*WHAT YOU HAVE TO DO*
Before printing the listing, strip out its pictures and keep everything else exact.

*DATA EXCERPT*
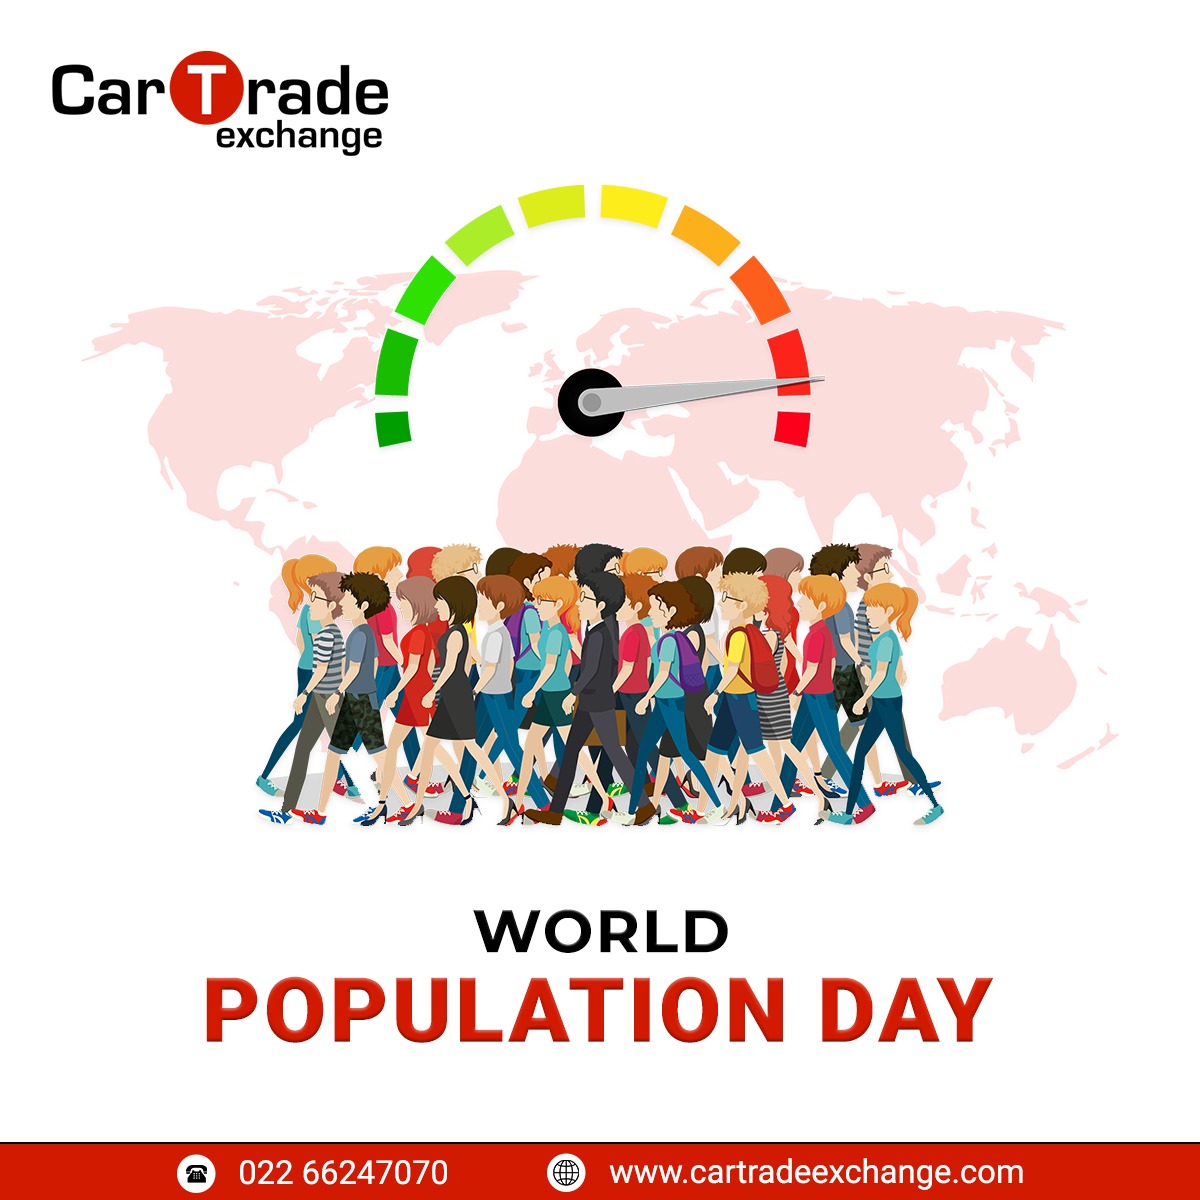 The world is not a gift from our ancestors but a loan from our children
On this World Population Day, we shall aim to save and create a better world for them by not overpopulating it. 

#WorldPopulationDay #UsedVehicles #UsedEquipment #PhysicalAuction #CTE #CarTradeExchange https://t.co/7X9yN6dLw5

*OUTPUT BELOW*
 The world is not a gift from our ancestors but a loan from our children
On this World Population Day, we shall aim to save and create a better world for them by not overpopulating it. 

#WorldPopulationDay #UsedVehicles #UsedEquipment #PhysicalAuction #CTE #CarTradeExchange https://t.co/7X9yN6dLw5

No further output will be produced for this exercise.